October 22, 1999 -- Erie Times
No verdict in Rainbow permit case
Staff writer
The nonjury trial against three Rainbow Family members
ended Thursday with handshakes and smiles, but with no verdict.
Senior U.S. District Judge Maurice B. Cohill Jr. said he
will rule sometime after he receives the lawyers' final briefs,
which are due by Nov. 15.
Cohill heard testimony on Wednesday and Thursday at the
federal courthouse in Erie. He will use the briefs to help him
determine two things -- the constitutionality of the U.S. Forest
Service regulation that the Rainbows are accused of violating,
and the Rainbows' guilt or innocence.
During the trial, members of the forest service testified
about how they cited the three for failure to get permits for
the Rainbow Family's annual gathering in the Allegheny National
Forest this summer. None of the Rainbows testified.
Afterward, the defendants and some of their supporters
shook hands and smiled with members of the forest service and
the prosecutor, Assistant U.S. Attorney John Trucilla.
"The problem is with the law," said defendant
Garrick Beck, of Santa Fe, N.M. "My ill will isn't toward
the people who ticketed us.
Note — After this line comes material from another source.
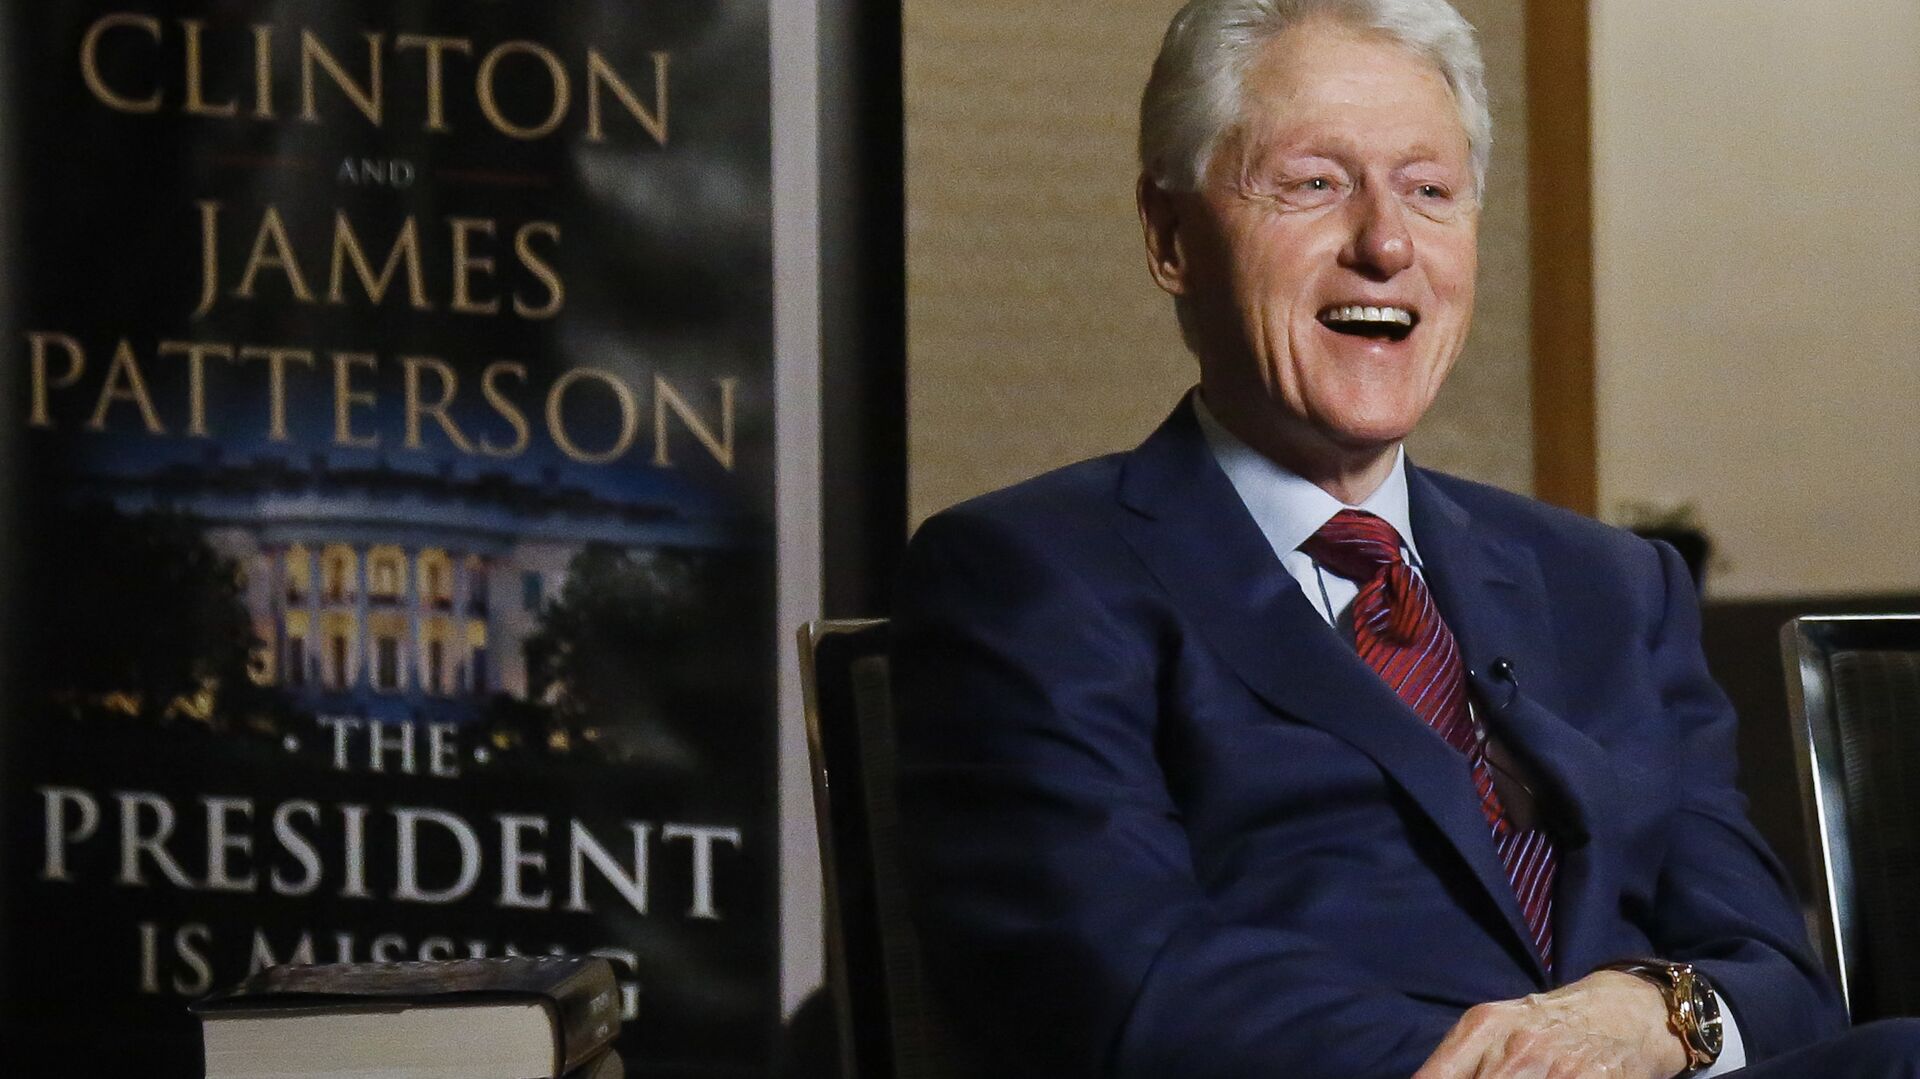 In this Monday, 21 May 2018 photo, former President Bill Clinton speaks during an interview about a novel he wrote with James Patterson, The President is Missing, in New York. - Sputnik International, 1920, 03.09.2021
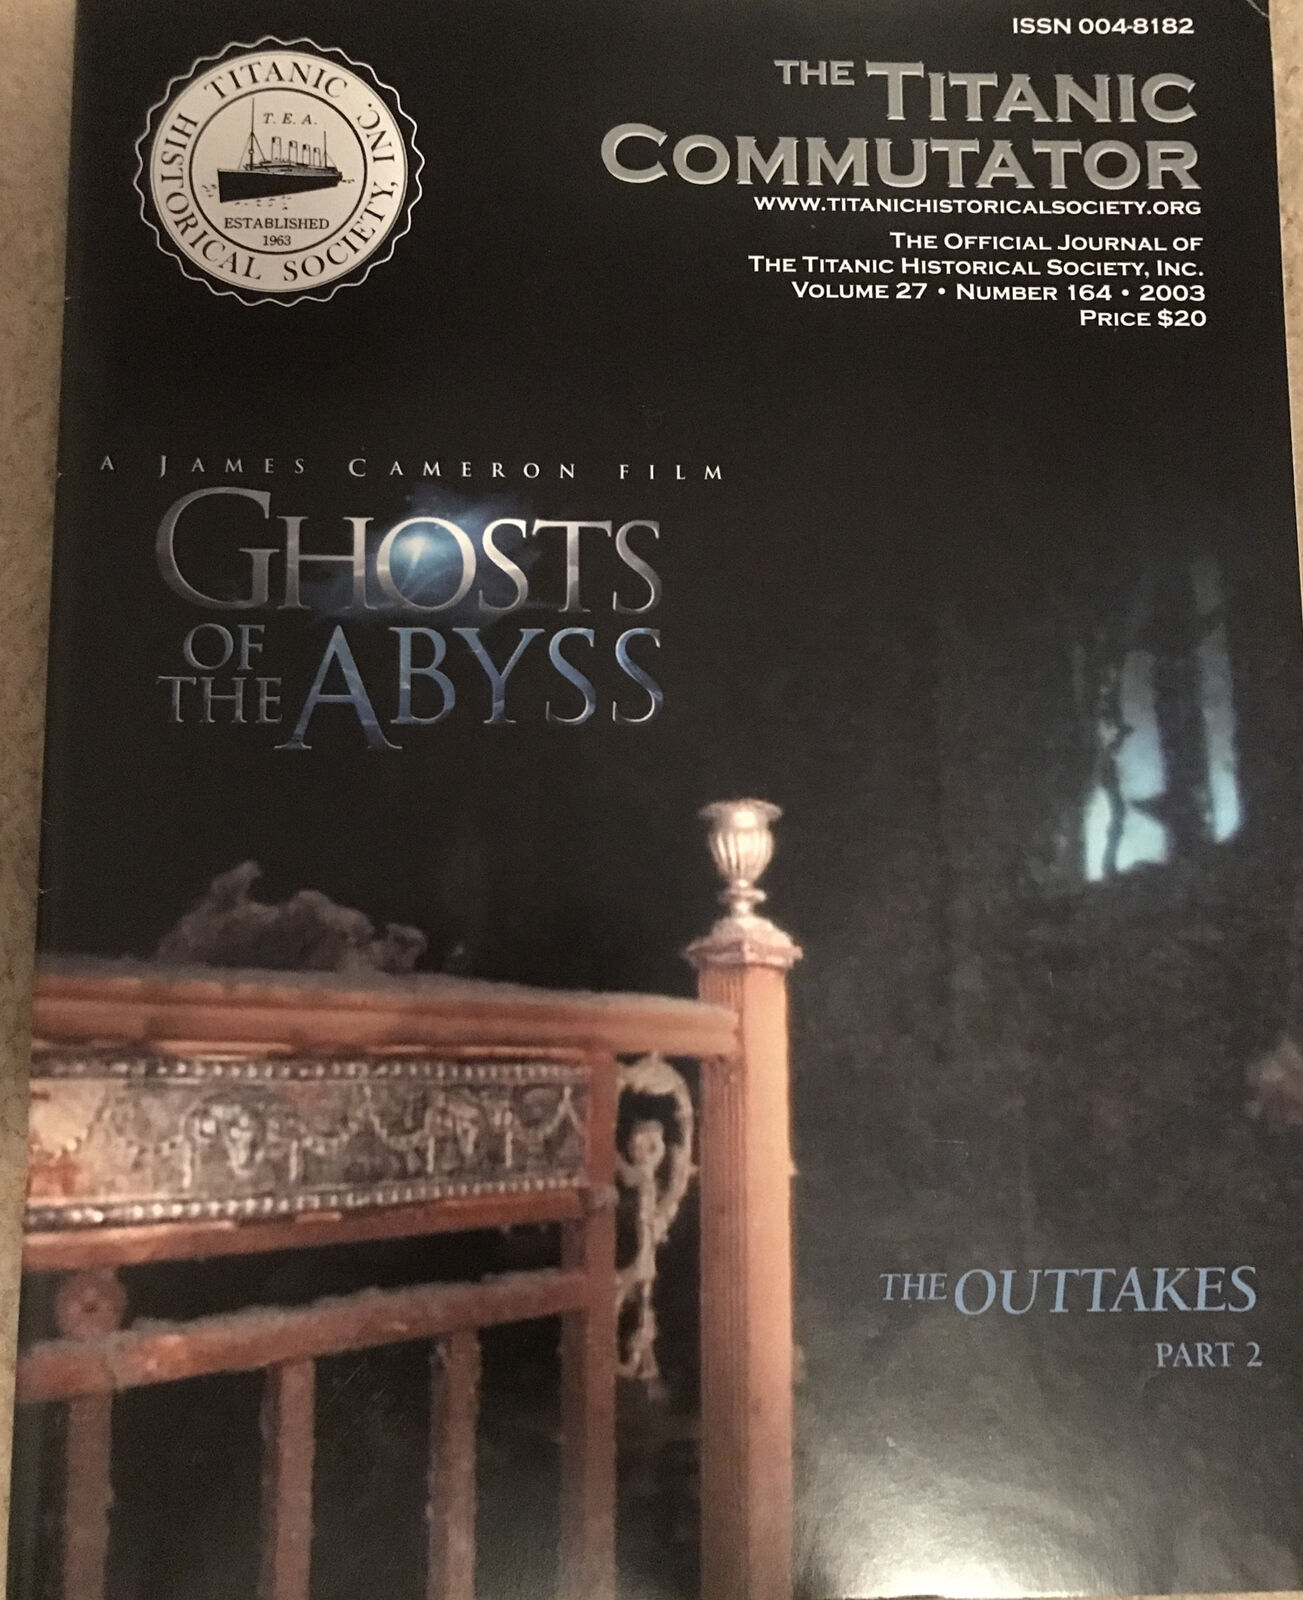 The Titanic Commutator Ghost of the Abyss issue

It is toward the regulation writers
in Washington who have been targeting our group for years."
Trucilla said the law is meant to treat any noncommercial
group fairly, Rainbows included.
"It is narrowly tailored to meet specific requirements,"
he said. "It is not overly broad."
The three-year-old regulation requires noncommercial groups
of 75 people or more to take out free permits for events at the
national forests. A violation is a misdemeanor punishable by up
to six months in prison and a $5,000 fine. In 1997, the last time
the Rainbows had such a case in federal court in Erie, a magistrate
judge found the regulation constitutional and fined the two defendants
$50 each.
The current case involves different Rainbows. Trucilla
has said he would have no problem with a conviction resulting
in no more than a $100 fine each.
Whatever the verdict, the case could set precedent for
Pennsylvania and two other eastern states. Either side may appeal
Cohill's decision to the 3rd U.S. Circuit Court of Appeals, based
in Philadelphia, which has never ruled on the constitutionality
of the permit requirement. The 3rd Circuit covers Pennsylvania,
New Jersey, Delaware and the Virgin Islands.
The 4th U.S. Circuit Court of Appeals, based in Richmond,
Va., has ruled the permit constitutional. And the court for the
9th Circuit, based in San Francisco, has an appeal pending. The
circuit courts are independent from each other, and their rulings
are not binding across the circuits. The U.S. Supreme Court would
have the final word if an appeal reached the high court.
Beck stood trial along with Stephen Sedlacko, also known as Stephen
Principle, of Eugene, Ore.; and Joan Kalb, also known as Joan
Freedom, of New York City. They are represented by Erie attorney
John Garhart, for the American Civil Liberties Union and Beck;
Bruce Antkowiak of Greensburg, the court-appointed lawyer for
Sedlacko; and Erie attorney Robert Sambroak, who is representing
Kalb for free.
The three defendants were among the 20,000 members of the
Rainbow Family who attended the annual gathering from June 28
to July 10 at the 540,000-acre Allegheny National Forest in an
area near Ridgway, Elk County. The family, made up largely of
nonconformists who say they have no leaders, gathered to pray
for peace.
The forest service cited the three defendants for the permit
violation because officers said each of the three appeared to
have leadership roles in the Rainbow Family. Trucilla, however,
said the regulation allows the forest service to cite any "spectator
or participant'' of a noncommercial group of more than 75 people
which did not obtain a permit.
"These people came forward" as leaders, Trucilla
said. "All 20,000 could have been cited. But it was not a
pragmatic thing to do."
The leadership issue still remains an important part of
the case for the Rainbows. Their lawyers referred to another part
of the regulation, which requires the permit application to be
filled out by a designated representative of the group. The Rainbows
claim no one in their assembly could meet such a standard because
the Rainbows have no leaders -- they rule by consensus, with no
one person in charge.
Garhart, Beck's attorney, summarized the argument by asking
a forest service official in court, "How do you become designated
if someone doesn't authorize the person to do it?"
Trucilla objected, and Cohill agreed that the question
was irrelevant. The forest service official, John Schultz, a ranger
in the Allegheny National Forest, did not have to answer.
The leadership issue aside, the Rainbows claim the permit
regulation is unconstitutional because it infringes on their First
Amendment rights to free assembly and free expression. They said
the regulation erodes the rights of all citizens, not only the
Rainbows.
Trucilla argued that the law treats everyone the same and
is based on common sense. He said the forest service requires
groups to take out permits so service officials can plan for large
gatherings and protect the national forests from trash and other
damage.
"We're not saying they can't use ... the Allegheny
National Forest. We're not trying to restrict the park,"
Trucilla said. "This is not a Rainbow-specific regulation."